Affiliate Disclosure
If you buy through our links, we may get a commission. Read our ethics policy.

Apple lobbies California DMV to keep self-driving car plans out of public eye

A letter from Apple to the California Department of Motor Vehicles is seeking alterations in test protocols and reporting requirements for automated vehicle testing, and also declares that the company is seeking to increase public acceptance of self-driving cars.

The letter from Apple, first spotted by Reuters is written by Director of Product Integrity Steve Kenner. It leads by seeking clarifications in what the DMV calls "disengagement reporting."

"Apple believes that public acceptance is essential to the advancement of automated vehicles. Access to transparent and intuitive data on the safety of the vehicles being tested will be central to gaining public acceptance," writes Kenner. "However, the current and proposed disengagement reporting requirements do not achieve this result."

Apple is requesting that disengagement reporting be tightened up, and exclude planned tests, the end of testing, operational constraints where the safety driver disengages the system, or other discretionary decisions made by the safety driver not made to prevent an immediate accident. Apple also requests that it not be required to perform "speculation about future events that have not occured" in describing the type of incident that would have happened without the disengagement.

According to the letter, a disengagement should only be defined as an unexpected event or failure that requires the safety driver to take control of the vehicle in order to prevent a crash or traffic violation.

Apple also requests clarification in language surrounding a safety driver's role during testing and development, plus a withdrawal of duplicate language excluding commercial vehicles from testing in multiple sections of the test authorization.

All of the Apple requests seem oriented to report less in the way of interactions by the autonomous system to California, and to the population at large. This doesn't appear represent any ulterior motive on Apple's part, beyond not giving competition a leg-up on the company's plans or information on technology through public filings required by law, such as this letter.

On April 21, a report revealed snippets of Apple's California Department of Motor Vehicles self-driving car application, offering insight into the company's autonomous vehicle project. Apple's full application was revealed a bit later that day, and incorporates a copy of the testing process it used to certify the six drivers who will pilot three modified 2015 Lexus RX450h SUVs, which have since been spotted on the road.

Included in the informational packet are instruction sets, training goals and diagrams for each of the following tests: low speed driving, high speed driving, tight U-turns, sudden steering input, sudden acceleration, sudden braking and lane change. Three drivers have worked at Apple's Special Projects Group for two years as hardware and software engineers, according to their LinkedIn profiles.

"Pilots" are expected to pass seven rudimentary tests prior to taking the testbed out for data gathering drives. Tests listed include low speed and high speed driving, as well as drive system intervention including tight U-turns, sudden steering input, sudden acceleration and sudden braking. Drivers also need to take action in the case of faulty software lane change requests called a "conflicting turn signal and action."

Apple expects its test system to be capable of maintaining in-lane speeds of at least 65 miles per hour, change lanes automatically, brake when required, and perform other basic functions.
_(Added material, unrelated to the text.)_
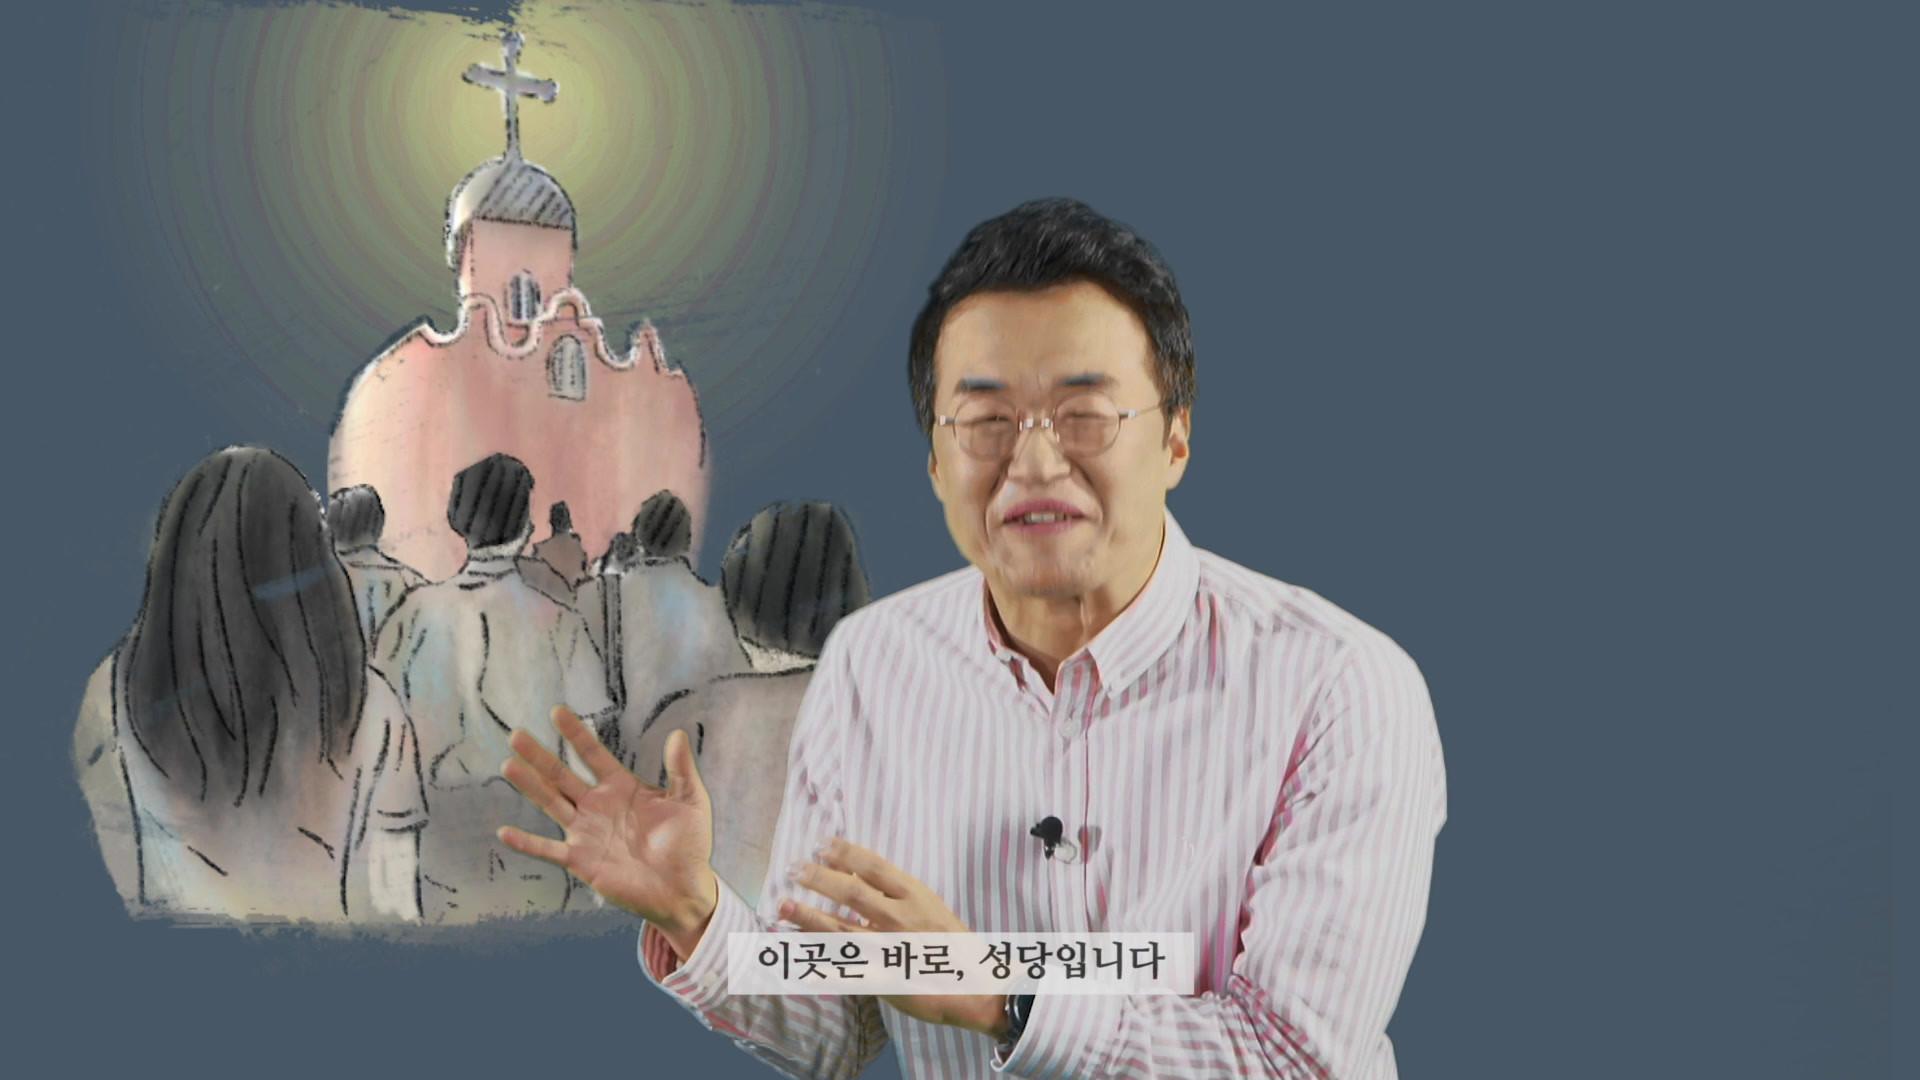 영덕영해_최태성_히스토리강의.mp4

Apple has long been rumored to be working on autonomous vehicle technology under the "Project Titan" aegis. The company reportedly abandoned efforts to create a full car from bumper to bumper in late 2016 when former project leader Steve Zadesky left Apple and handed the reins over to senior VP of Hardware Engineering Dan Riccio.

Project Titan was later transferred to longtime executive Bob Mansfield, who subsequently culled hundreds of employees and refocused the program on self-driving software and supporting hardware.



14 Comments

andrewj5790 296 comments · 9 Years

Weird. The headline and the story seem to be in conflict in at least their tone. :/

seafox 90 comments · 17 Years

Weird. The headline and the story seem to be in conflict in at least their tone. :/

Welcome to journalism in the 21st Century.

macseeker 541 comments · 8 Years

I wish AppleInsider would use another delivery service for document sharing instead of Scribd. I don't want to sign up for the Scribd service.

SpamSandwich 32917 comments · 19 Years

I doubt Apple will be given any special treatment in this regard.

gatorguy 24627 comments · 13 Years

Weird. The headline and the story seem to be in conflict in at least their tone. :/

I agree. It doesn't help public transparency to hide software failures that require a human driver to take control, or to prevent that driver from surmising what would have happened if he/she had not intervened. I think it has less to do with not revealing stuff to competitors and more to do with not scaring the public with "disengagement reports" that can't be proven to lead to damage to life or property. 

FWIW I think the rules as they stand do more for transparency and help the public understand both the reliability along with vehicle safety with the currently testing autonomous systems. If the public were to think companies were hiding failures it will make them less trusting in those systems, not more. 

Leave the rules as they are now IMHO, at least until the public has become comfortable with believing self-driving tech is safe and dependable.  That's gonna take awhile.